Communication and collaboration: a key to your next job

At this time in history, the vast majority of the population of any country is most likely aware of the fact that what will make the difference in their job interviews and applications is their soft skills. In this article, we want to specifically look at communication and collaboration, and how important they are in your job-hunt or first job experience.

Collaboration is the process of two or more people or organizations working together to complete a task or achieve a goal. In the recent years, collaboration was greatly aided by the widespread development of online software, which gave the possibility to individuals and whole organizations to work remotely in large groups. So we can’t consider collaboration without mentioning its ability to enable relationships to form.

In some cases of collaboration, even a play ethic could apply, work can become more game-like or play-like in order to make using computers or doing shared work a more comfortable experience.

An essential tool for collaboration is communication. Usually, each collaborating team has some internal, previously agreed-upon set of rules (protocols), which everyone should observe during common work. For example, it is common practice to leave comments or explanations if you edit a shared document or make amendments in other works.

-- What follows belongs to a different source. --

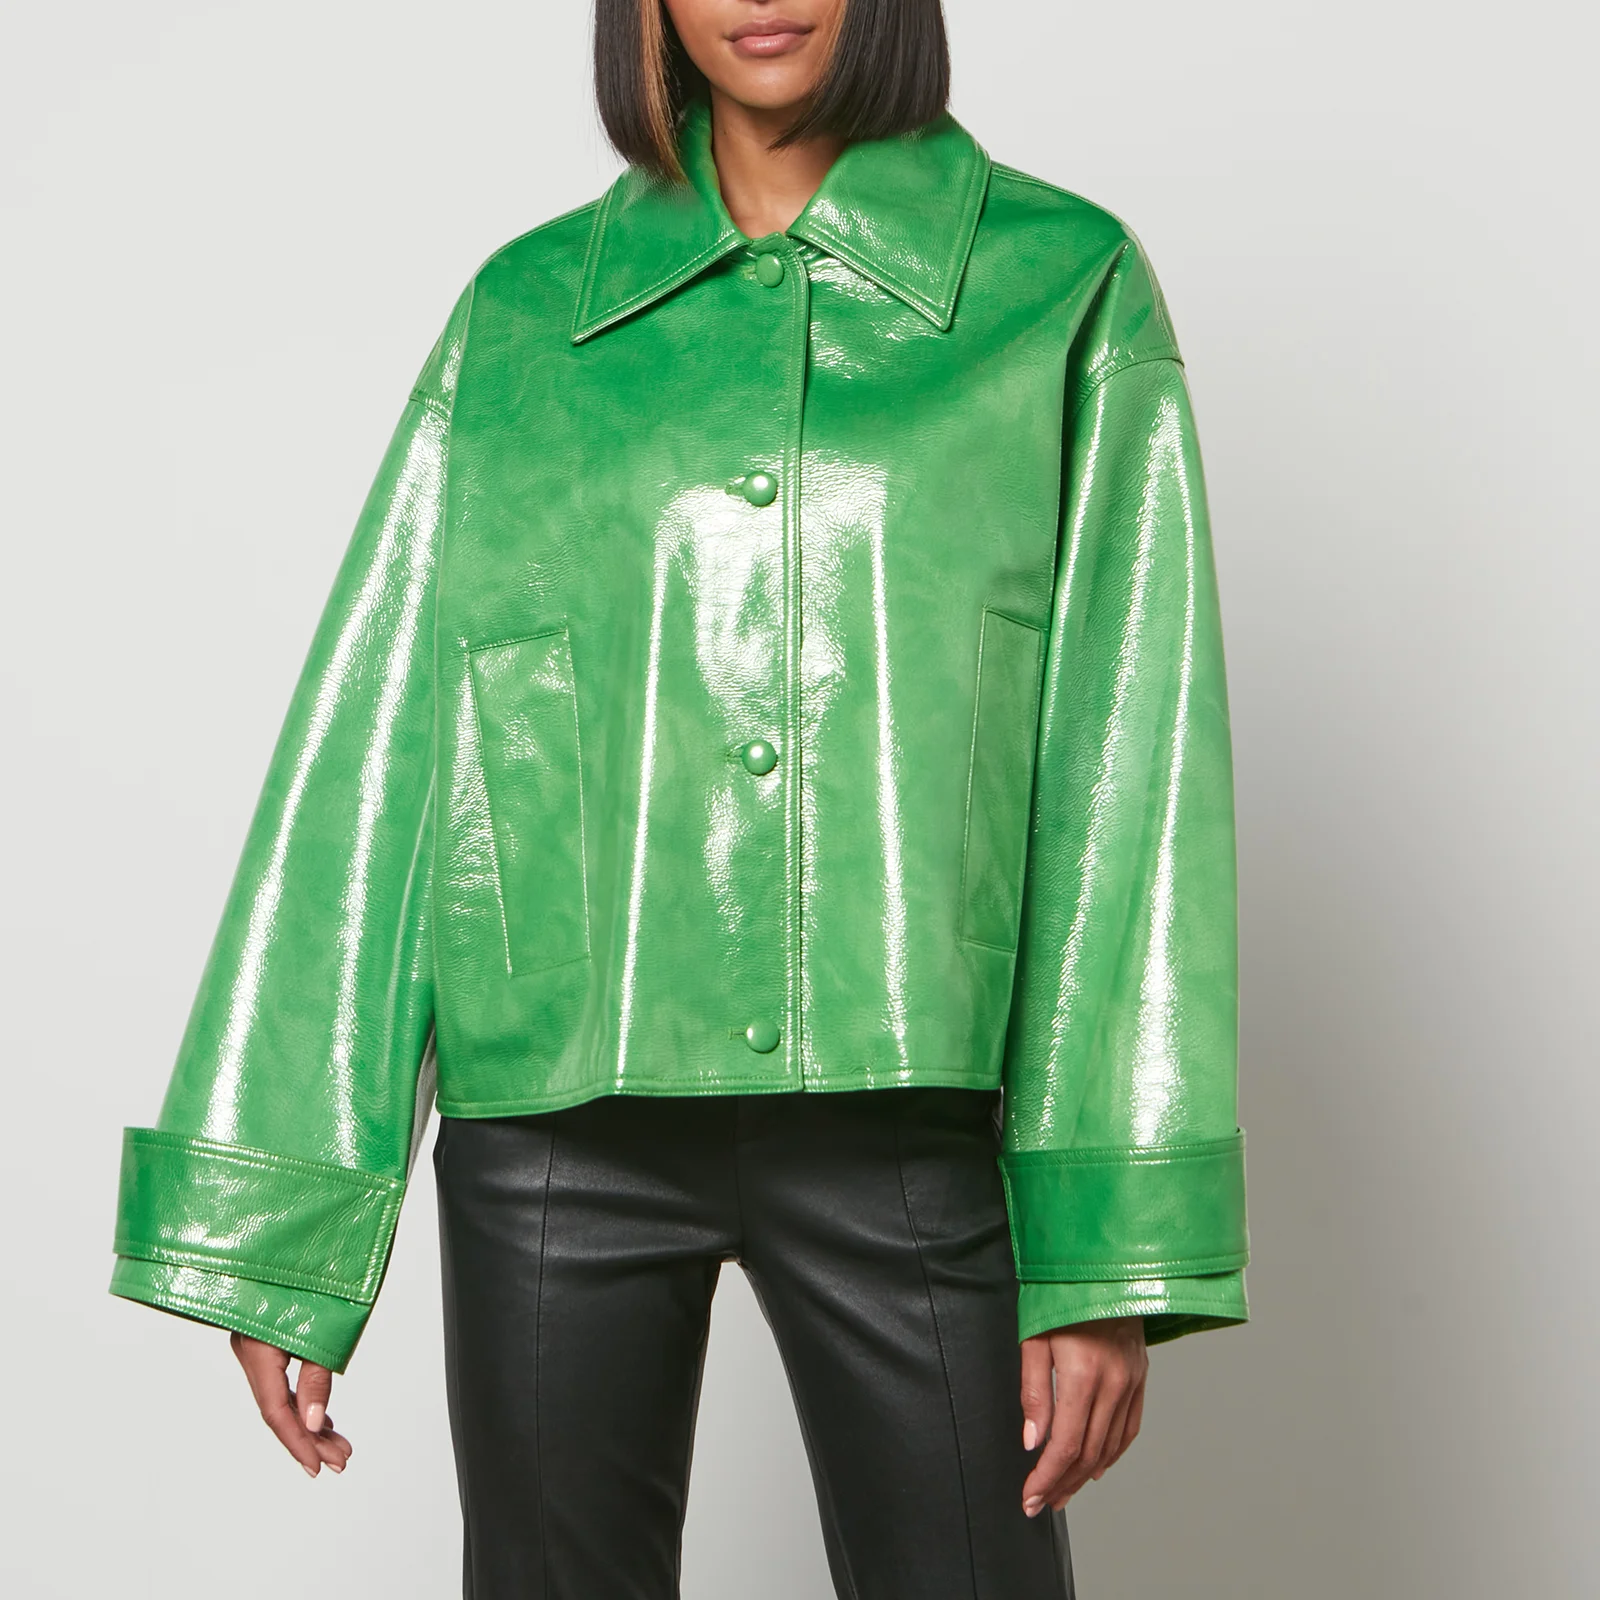 Stand Studio Women's Charleen Jacket - Bright Green Image 1

The rules of etiquette (netiquette) that apply when communicating over the Internet or social networks or devices are different from those applied when communicating in person or by audio (such as telephone) or videophone. Communicating with others via the Internet without misunderstandings in the heat of the moment can be challenging, mainly because input from facial expressions and body language is absent in cyberspace.

The biggest obstacle to communication in online settings is the lack of emotional cues. Facial cues dictate the mood and corresponding diction of two people in a conversation. During phone conversations, tone of voice communicates the emotions of the person on the other line. But with chat rooms, instant messaging apps, texting and online collaboration, any signals that would indicate the tone of a person’s words or their state of emotion are absent.
Nevertheless, this must not give room to malpractices while communicating, especially in a work environment. The difference between regulated communication and free-form interactions should be clear. While it is perfectly acceptable to incorporate both emoticons and abbreviations in your communication with friends and family, it should be noted that this is not the norm in business communication or in online collaboration. Try expressing your thoughts and ideas via text, and keep the colloquial abbreviations and emoticons for personal and friendly exchange with the partners.

In conclusion, soft skills are not the only attributes employers are looking for, a major asset while job haunting is self-improving your digital skills. Becoming advanced digital-savvy means being aware on how to continue to boost your knowledge about digital tools. Make sure you remain up to date with the different digital technologies available, and the most commonly used in the workspace you’re looking forward to entering.